Итак, одиночества я боялась даже больше, чем Анну Генриховну. Или так же. Только Анна Генриховна была вполне осязаема, а настоящее одиночество я всегда видела в глазах у папы, когда он смотрел на мамину фотографию. Бабушка как-то мне сказала, глядя на папу, когда он смотрел на мамин портрет, висящий на стене:
– Смотри, душа моя, как он несчастен… как одинок…
Бабушка никогда не плакала, даже в день моего рождения: день моего рождения был днём маминой смерти. Поэтому мы вовсе не праздновали этот день. А чтобы я не чувствовала себя изгоем, мы не праздновали ничей день рождения: ни папин, ни бабушкин. Каждый год, просыпаясь в этот день, я находила на тумбочке, стоявшей возле моей кровати, вазочку с нарциссами. Я родилась в марте, и эти цветы уже продавали на базаре, а это были любимые мамины цветы.
До школы я считала, что так и нужно жить, не празднуя дни рождения, хотя с удовольствием ходила на дни рождения своих дворовых подруг. Но когда я пришла в первый класс, поняла, что эта традиция нашей семьи была скорее исключением, чем правилом.
Дети приносили в школу конфеты, все кричали: «С днём рождения!», и я стала ждать свой день рождения, чтобы отпраздновать его в школе.
Я ужасно боялась огорчить папу и бабушку, поэтому не могла так запросто подойти и сказать им: «Послушайте, дорогие мои папа и бабушка! Мне нужны конфеты, чтобы отпраздновать свой день рождения». Много раз проговаривая про себя эту фразу, я так и не решилась подойти ни к папе, ни к бабушке и, когда наступил долгожданный день, поплелась в школу в расстроенных чувствах.

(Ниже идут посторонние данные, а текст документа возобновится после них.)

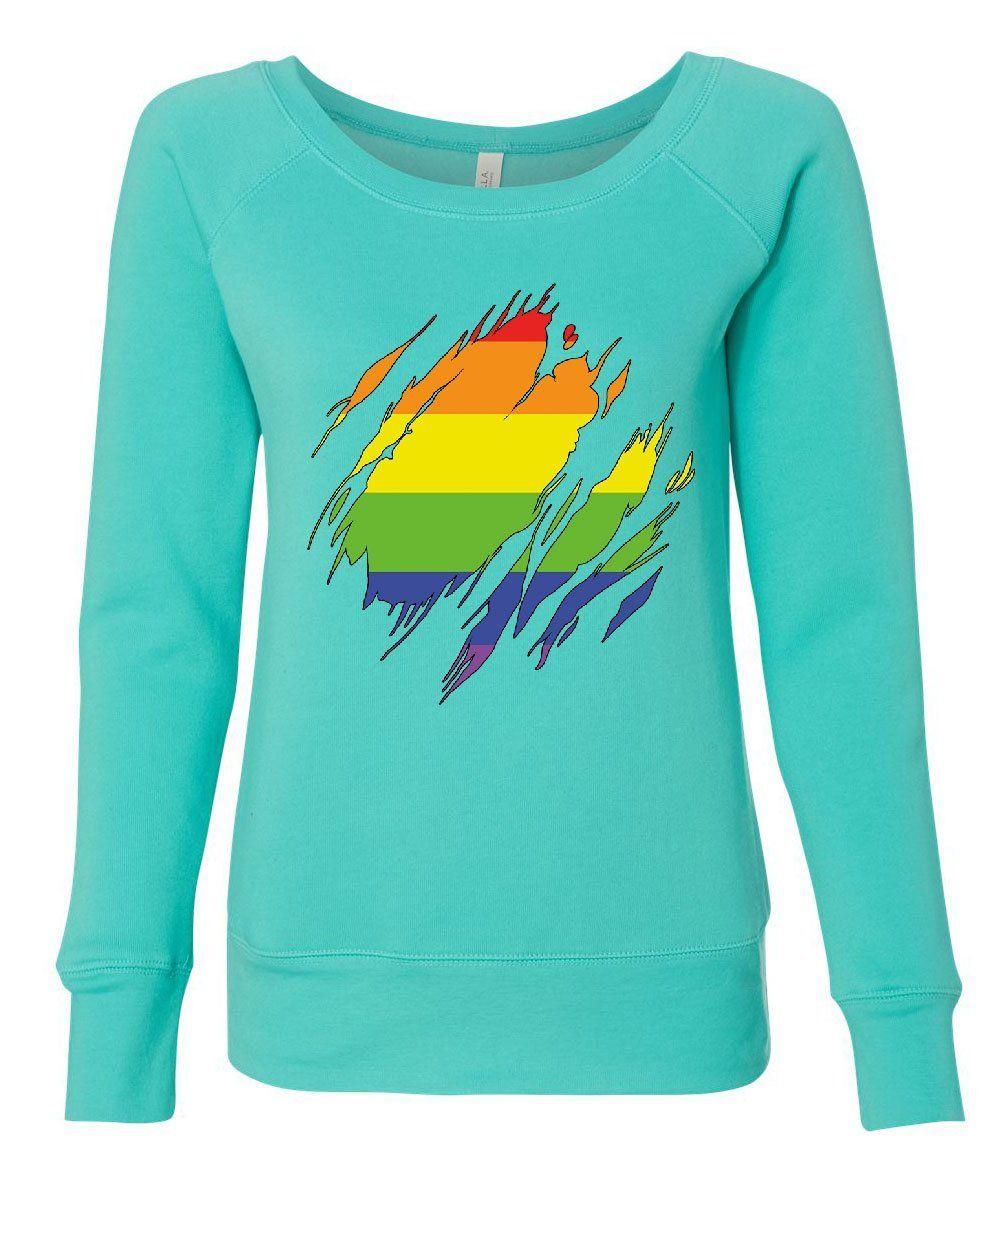 Ripped Gay Pride Rainbow Flag Sweatshirt LGBTQ Love Wins

В моём первом «А» классе все знали, что у меня день рождения. На стенде висела моя фотография, а над ней красовалась надпись: «Поздравляем!».
Надпись предназначалась для всех, а фотографии менялись в зависимости от именинников.
Я вошла в класс, и все дети дружно выстроились. Елена Михайловна, учитель нашего первого «А» класса, взмахнула рукой, и все ребята дружно три раза прокричали: «Поздравляем!»
Я стояла красная как рак и чуть не плакала.
– Ну, Машенька, что же ты молчишь? Ответь ребятам! И угощай, пока звонок не прозвенел.
– Мне нечем угощать, Елена Михайловна.
– Ты забыла конфеты дома? – протянула мне соломинку Елена Михайловна.
– Да, забыла, – чуть слышно сказала я.
– Ничего страшного, садись. Начинаем урок, дети…
Этот день был худшим днём в моей жизни. На перемене ребята окружили меня и стали дразнить: «Машка-бедняжка, Машка-забывашка», а я стояла и беззвучно рыдала. Слёзы текли по моим щекам, скатывались на белый воротничок. Те же, что попадали в рот, я глотала. И только Сашка Макаров стоял в стороне, с жалостью глядя на меня, на этот безумный хоровод, и молчал. Сашка тоже не принёс конфеты на свой день рождения. И в тот момент я была благодарна Сашке за то, что он не встал вместе со всеми и не кричал мне обидные слова. Тогда я ещё не знала, что у Сашки пьющие родители и что конфеты он ел только в школе, когда кто-то праздновал свой день рождения.
Елена Михайловна вошла в класс, когда моё сердце готово было разорваться от горя. В руках у неё был кулёк с конфетами.
– Машенька, – торжественно произнесла она, – что же ты стоишь как вкопанная? Твой папа принёс конфеты, которые ты забыла дома. Иди угощай ребят.
На ватных ногах я подошла к Елене Михайловне и взглянула в её глаза. Когда она купила эти конфеты? Или не купила? Или на самом деле их принёс папа? Много вопросов, слишком много…
Глотая слёзы, я взяла кулёк и стала угощать притихший класс.
И тогда Елена Михайловна сказала:
– А теперь все быстро извинились перед Машей. Немедленно. И чтобы я больше никогда не наблюдала такое бесчинство. Вы – советские дети, а советские дети всегда помогают друг другу.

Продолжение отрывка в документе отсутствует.